The following data represent the age (in weeks) at which babies first crawl based on a survey of 12 mothers. The data are normally distributed and $s=10.103$ weeks. Construct and interpret a 95\% confidence interval for the population standard deviation of the age (in weeks) at which babies first crawl.
$\begin{array}{llllll}51& 32& 45& 35& 38& 25\\ 47& 38& 57& 25& 38& 29\end{array}$
Click the icon to view the table of critical values of the chi-square distribution.
Select the correct choice below and fill in the answer boxes to complete your choice. (Use ascending order. Round to three decimal places as needed.)
A. There is a $95\mathrm{\%}$ probability that the true population standard deviation is between and
B. There is $95\mathrm{\%}$ confidence that the population standard deviation is between and
C. If repeated samples are taken, $95\mathrm{\%}$ of them will have the sample standard deviation between and

Step 1 ：Given that the sample size (n) is 12 and the sample standard deviation (s) is 10.103 weeks. We are asked to construct a 95% confidence interval for the population standard deviation.

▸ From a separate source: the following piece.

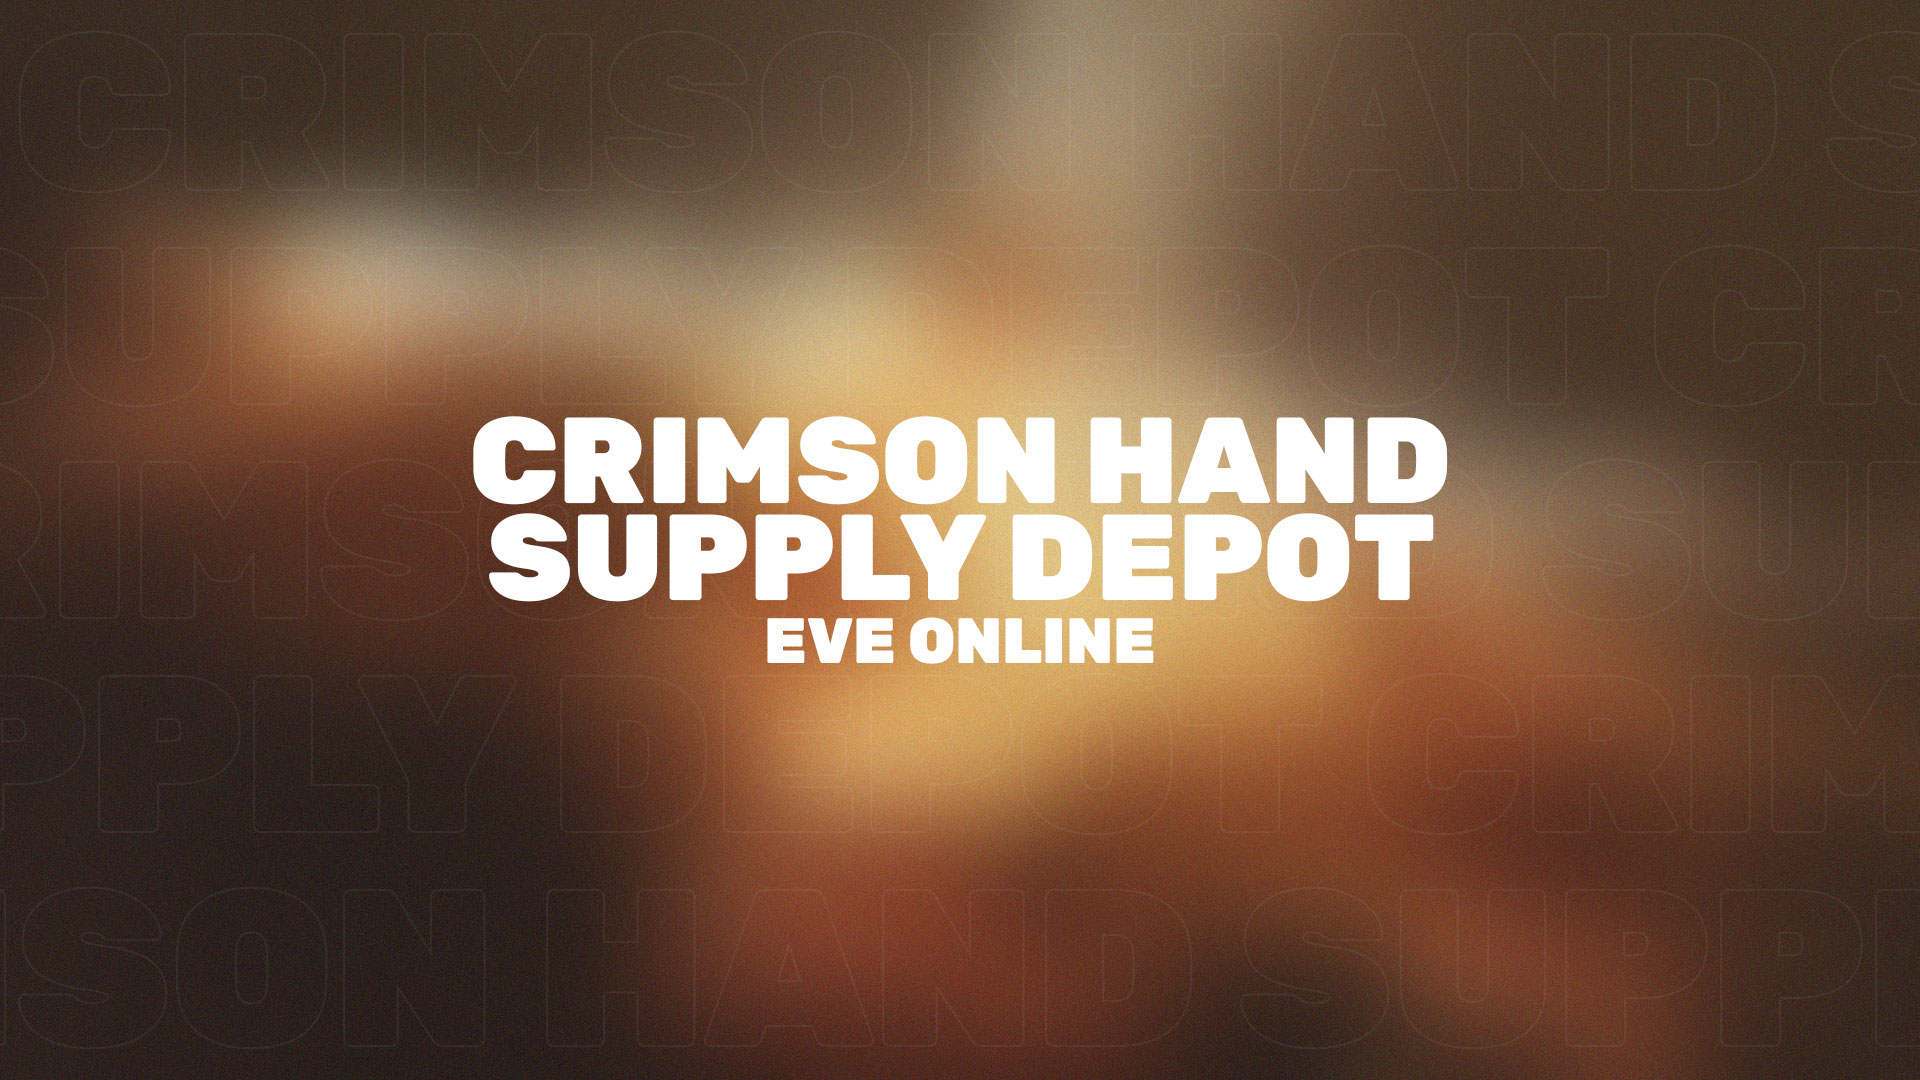 Подробное описание комплекса Crimson Hand Supply Depot (Blood Raider 6/10) со сложностью DED 6/10 в EVE Online.
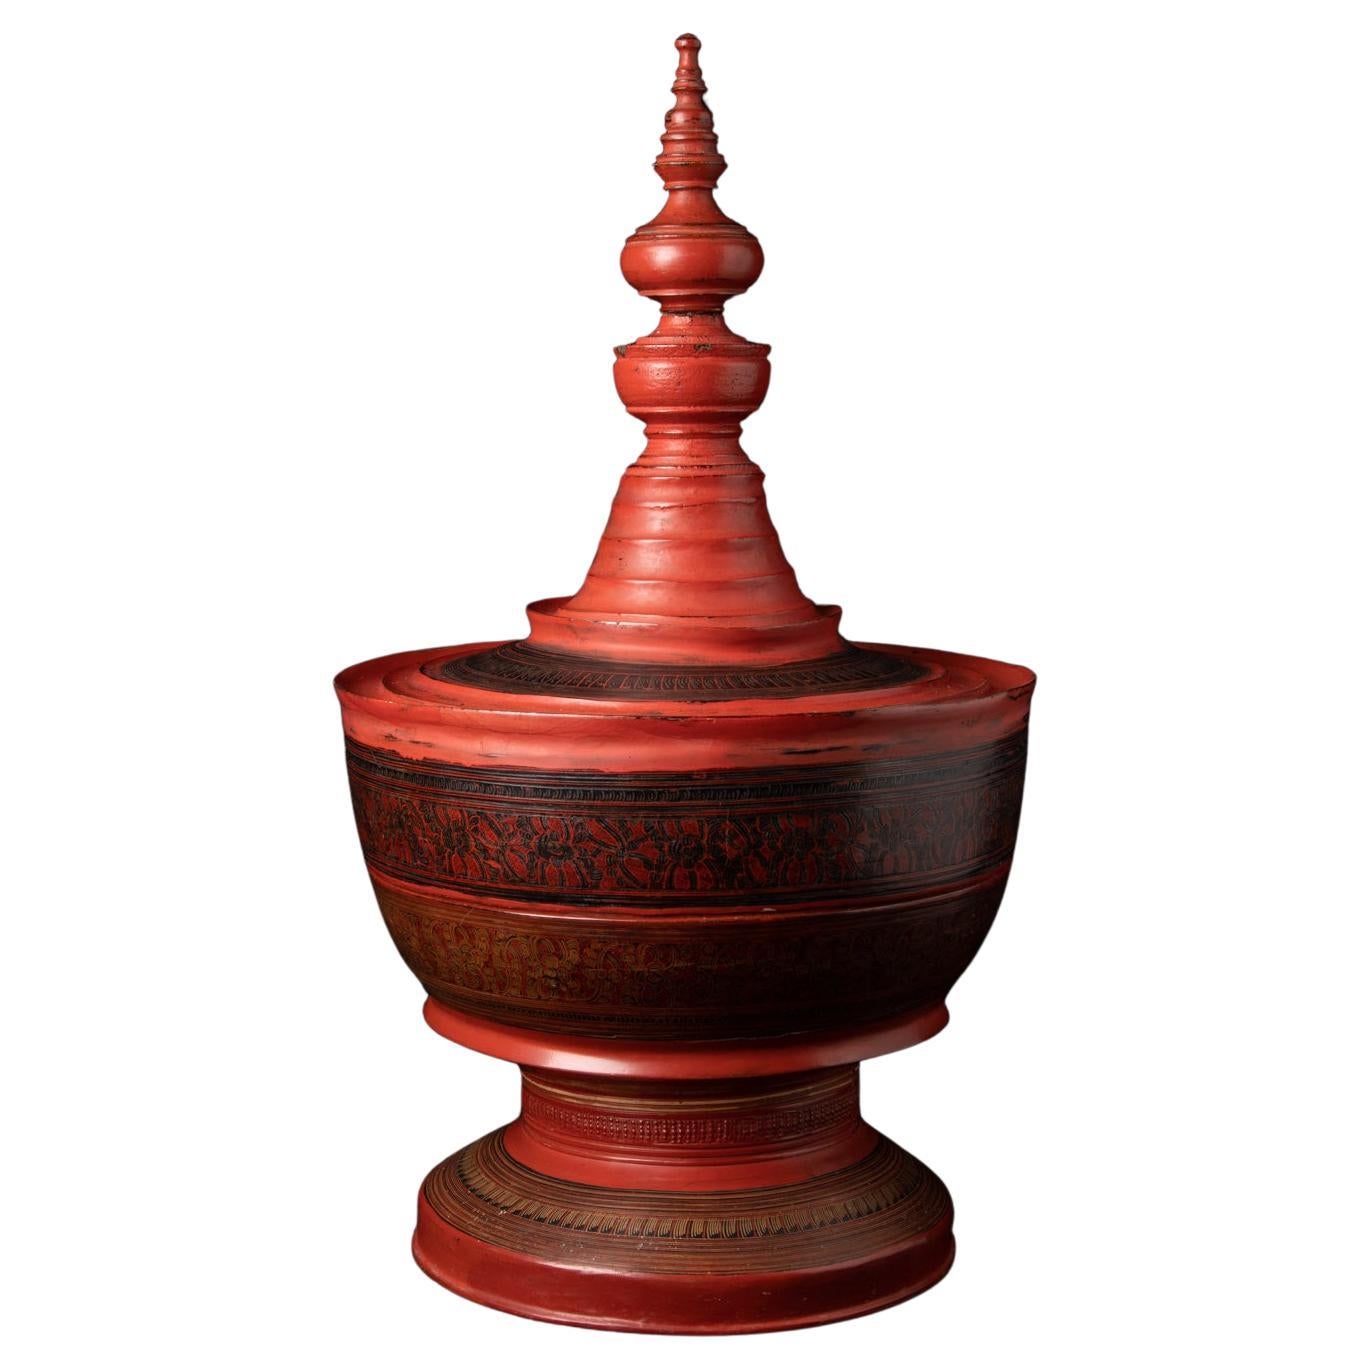  Vase birman ancien du 19ème siècle provenant de Birmanie - Bouddhas originaux

Step 2 ：First, we calculate the degrees of freedom (df) which is given by n - 1. So, df = 12 - 1 = 11.

Step 3 ：Next, we calculate the critical values of the chi-square distribution. The lower critical value (${\chi }_{\alpha /2}^2$) is found at the $\alpha /2$ quantile and the upper critical value (${\chi }_{1-\alpha /2}^2$) is found at the $1-\alpha /2$ quantile of the chi-square distribution with df degrees of freedom. Here, $\alpha$ is 0.05, so $\alpha /2$ is 0.025.

Step 4 ：Using a chi-square table or a statistical software, we find that ${\chi }_{\alpha /2}^2$ = 3.816 and ${\chi }_{1-\alpha /2}^2$ = 21.920.

Step 5 ：Then, we calculate the confidence interval for the population standard deviation. The lower bound is given by $\sqrt{(df\times s^2)/{\chi }_{1-\alpha /2}^2}$ and the upper bound is given by $\sqrt{(df\times s^2)/{\chi }_{\alpha /2}^2}$.

Step 6 ：Substituting the given values, we get the lower bound as $\sqrt{(11\times (10.103{)}^2)/21.920}$ = 7.157 and the upper bound as $\sqrt{(11\times (10.103{)}^2)/3.816}$ = 17.154.

Step 7 ：$\boxed{{\displaystyle \text{Final Answer: There is 95\% confidence that the population standard deviation is between 7.157 and 17.154.}}}$